The treatment seems to consist of settlement, filtering, aeration, and some absorption. But there doesn’t seem to be heating or bleaching or UV light or whatever that would kill most pathogens.
You’ve come to the right place to ask this question. 
I’m an engineer who works for a water and sewer utility. Our main wastewater treatment plant is across the street from where I am sitting right now.
Anyway, what you are describing is referred to as primary treatment, This was the only treatment there was when wastewater treatment plants were first built in the early 1900s. However, virtually all wastewater treatment plants now include secondary treatment, which utilizes so-called “activated sludge” consisting of microorganisms to consume the waste matter. We recycle the sludge back into the secondary reactors to keep the process going continuously. Some of the microorganisms are aerobic and require oxygen, so we aerate and mix the tanks; others are anaerobic.
There is also tertiary treatment which is designed to reduce nitrogen and phosphorus loading into the receiving water body, but not all wastewater treatment plants have this.
The overall process does reduce much but not all of the pathogens in the wastewater. For much of the year this is good enough. In warmer months when one could expect people to be boating or swimming in the river, we do in fact take the extra step to either chlorinate or disinfect with ozone or UV to kill the remaining pathogens.

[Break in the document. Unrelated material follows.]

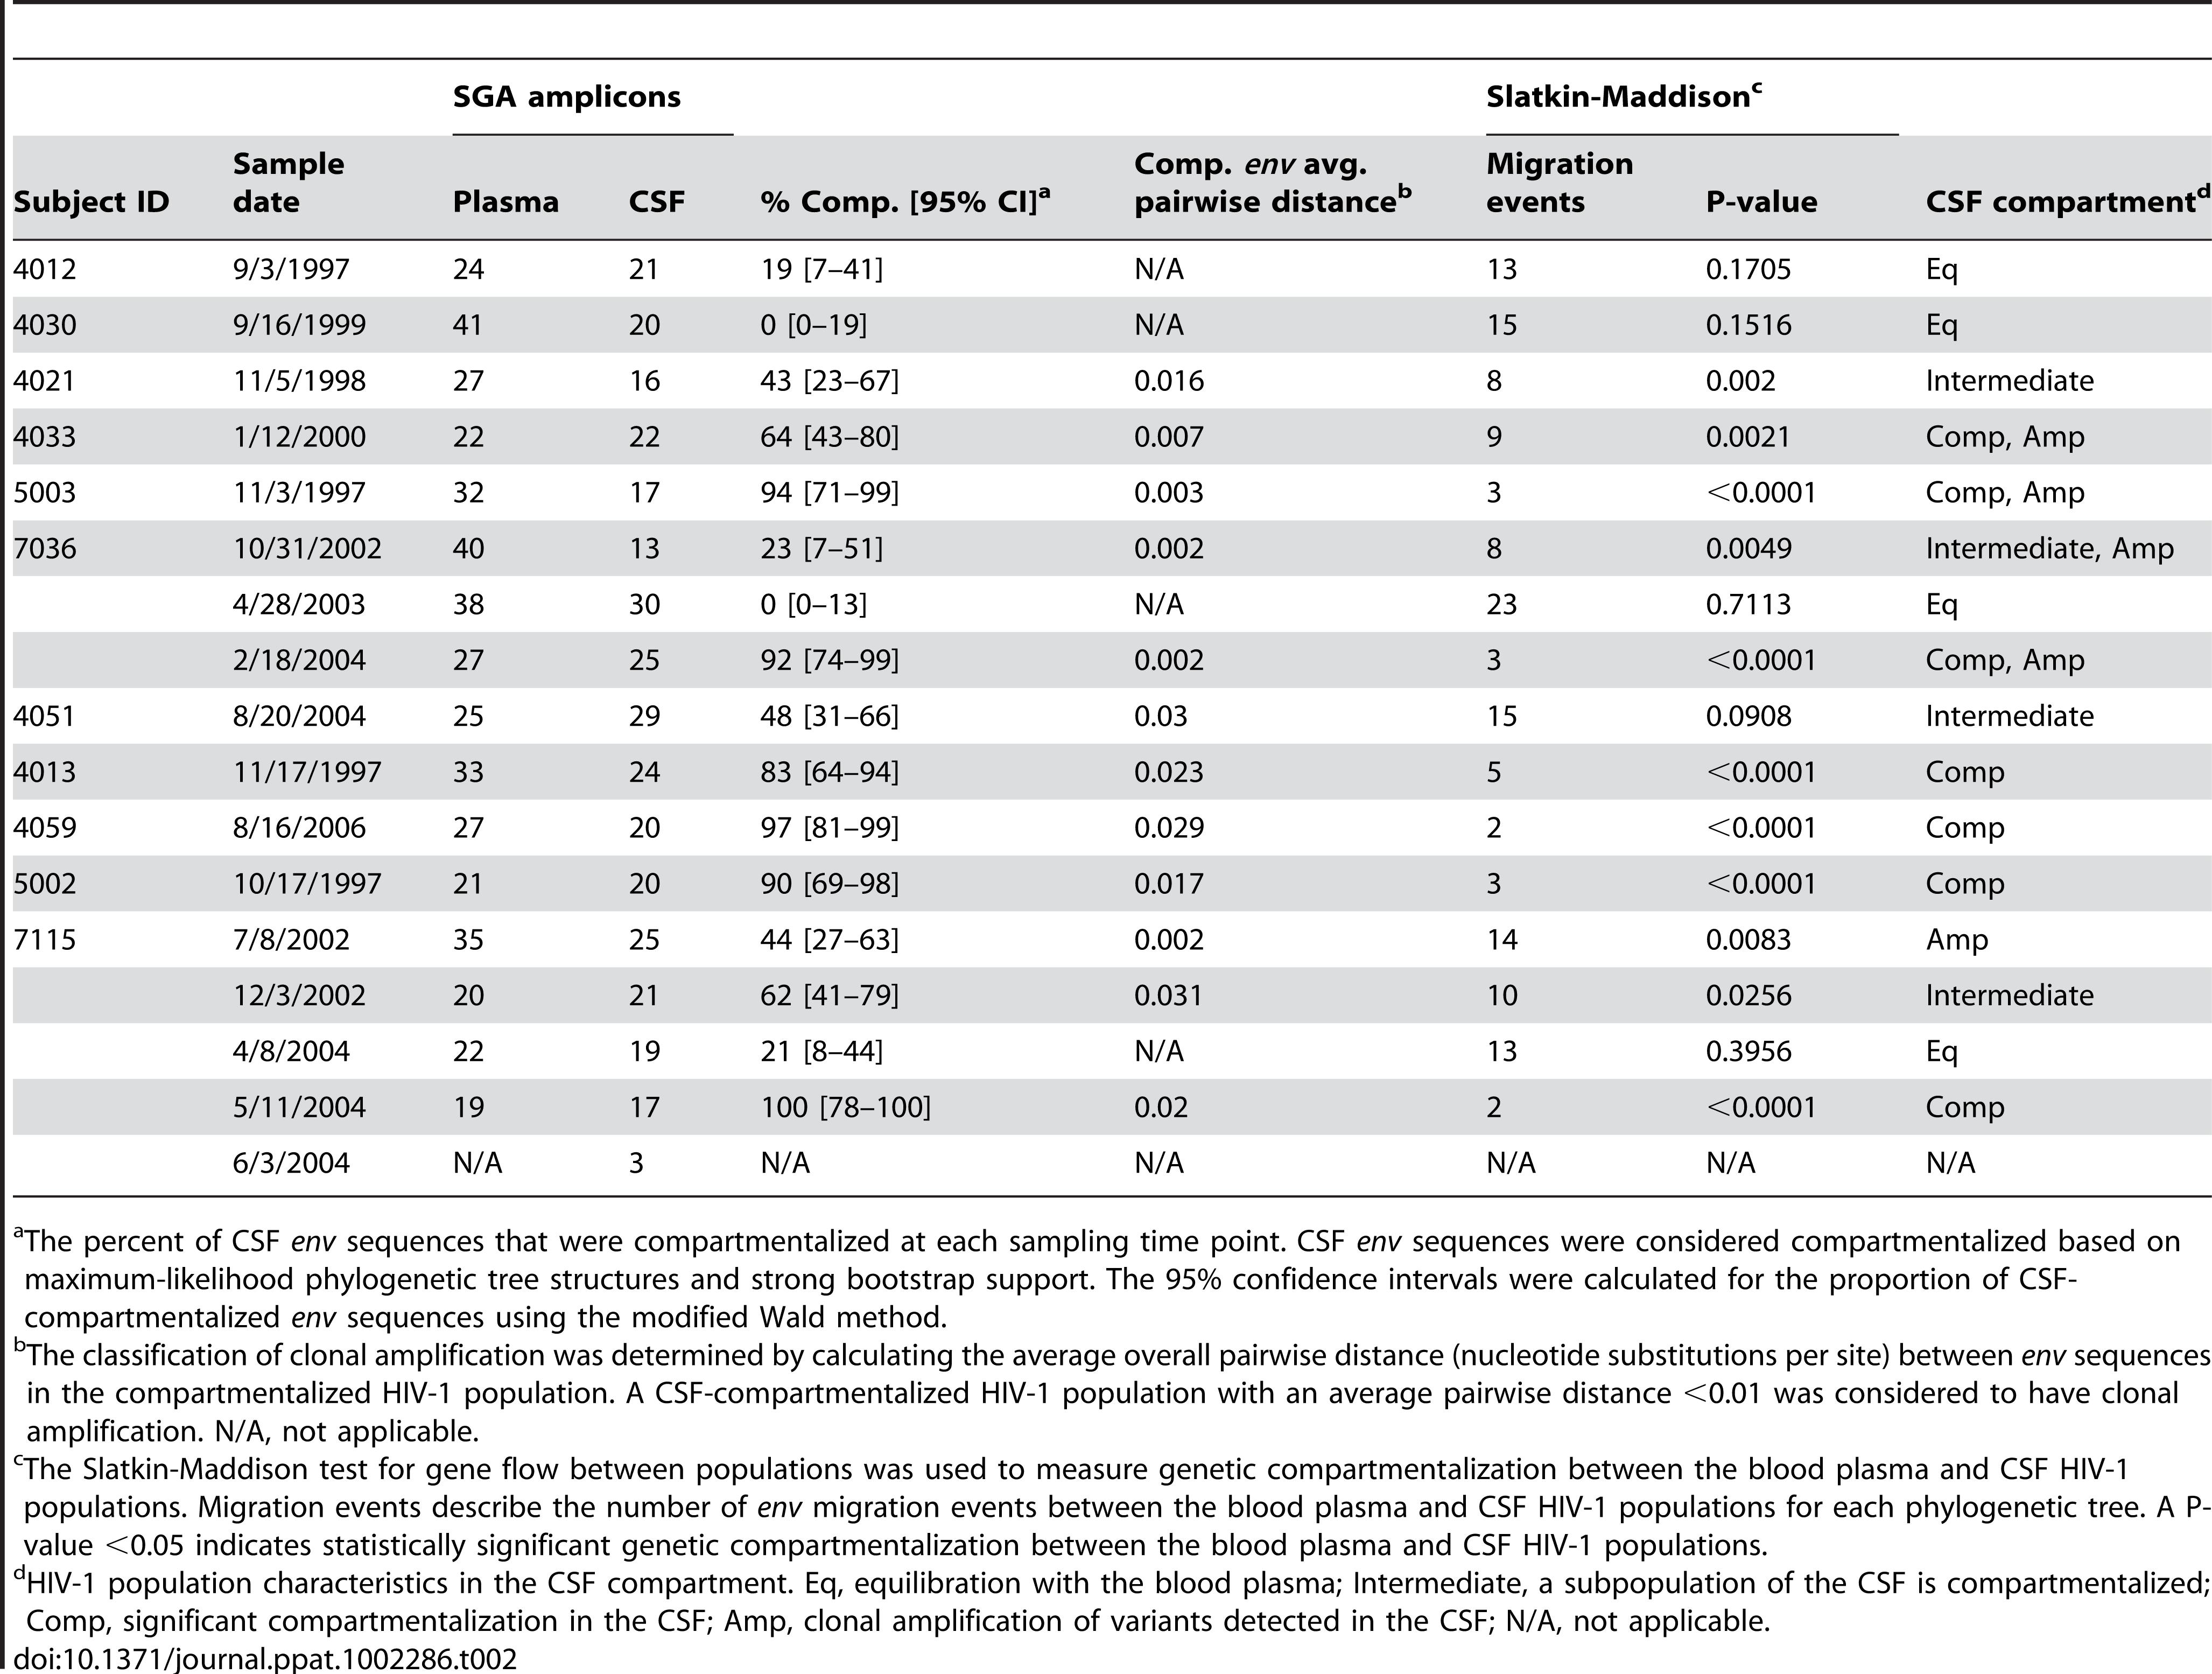 HIV-1 population characteristics in the CSF compartment.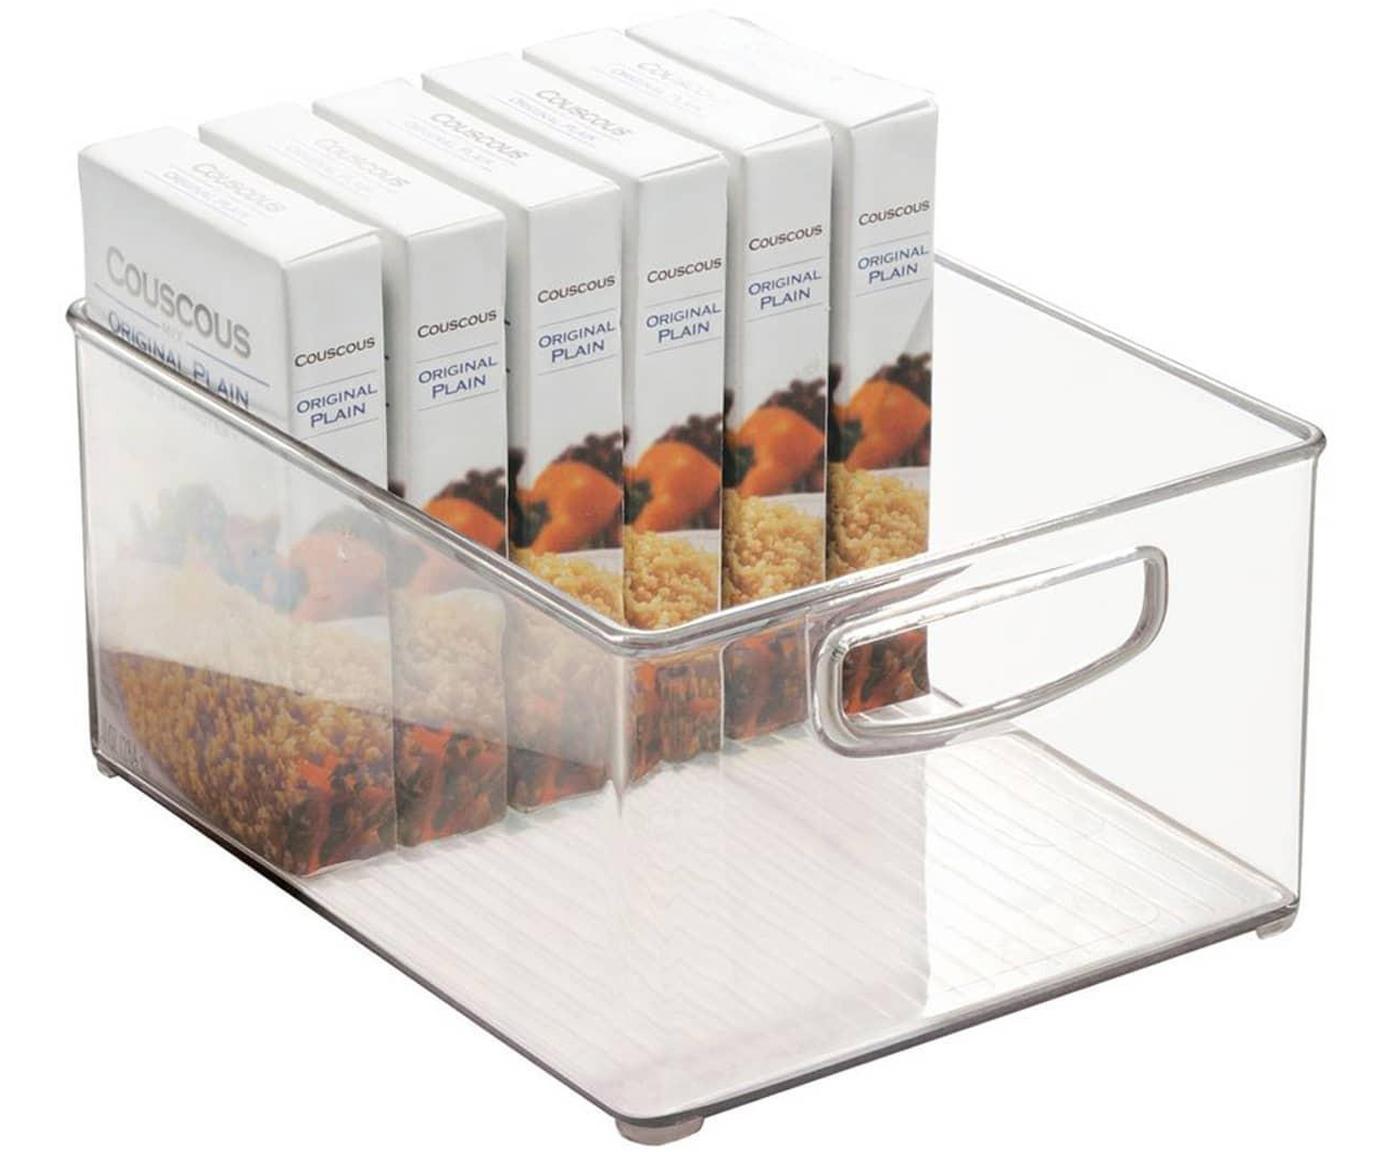 Organizador de cocina Binz, Plástico, Transparente, An 25 x Al 13 cm

Very nice synopsis. When you say “secondary reactors” what are they - ponds or big tanks, or…? And I will totally refrain from any jokes as you have probably heard them all by now.
Secondary treatment tanks are typically large rectangular above-grade tanks constructed of concrete. The flow is directed through the tanks by various baffles and weirs. There are large air injectors and/or mixers in the aerobic areas.
Primary treatment tanks are also typically made of concrete but are usually circular because they have rotating skimmer arm(s) on the water surface and scrapers at the bottom.
The reason that the tanks are usually above grade is because the treatment plant is often in a low-lying flood-prone area that is generally near the receiving water body (because you want the sanitary flow to get there by gravity), and if the area does flood out in a storm event, you don’t want to contaminate the receiving water body with untreated wastewater.
Thanks. Years ago near the beginning of my career I remember making a comment about some bad odors (i.e. like shit) when inspecting a sewage pump station with a contractor, and his response to me was, “You know, I really don’t even notice the smell anymore, and when I do notice it, it smells like money.”
Can I piggyback on this OP (since you are here and all): I read an article about shade balls. Is this covering water that is destined for residential use?
ETA: I ask because it seems like animals and bird poop could contaminate this treated water.
These are used in reservoirs which contain so-called “raw water” that has not yet been treated to make it into potable water. Treated, filtered, and disinfected potable water that is suitable for drinking is never open to the environment for exactly the reasons you state. It is either in a pressurized water main or in a sealed [potable] water storage tank.
In reading the article, it appears they do add some disinfectant to the raw water reservoir, but that is solely to keep down the growth of algae. This bit of disinfectant is insufficient to make it into potable water (plus there are other treatment processes like coagulation and filtration), so this water is still considered to be untreated raw water.
Ideally you don’t have any development around your reservoir, which minimizes any nutrients entering your reservoir (which leads to algae).
is this how San Diego is making waste water “drinkable”?
I know this is, at least partially, blamed on human error, but we had 400,000 people get sick with Cryptosporidium that made it through a treatment plant.
The op was well answered on the first reply so I’ll hop on to mention the receiving streams. Where I work we test the Ohio River for E. Coli throughout the summer (the recreation season). There are a lot of CSO (combined sewer overflow) communities where heavy rains overwhelm the sewer plants capacity so they discharge large volumes of untreated sewage into receiving streams. After a heavy rain it takes about 48 hours for the bacteria concentration to return to safe levels. There is a lot of work ongoing to fix these issues but they are multi-billion dollar efforts that take decades.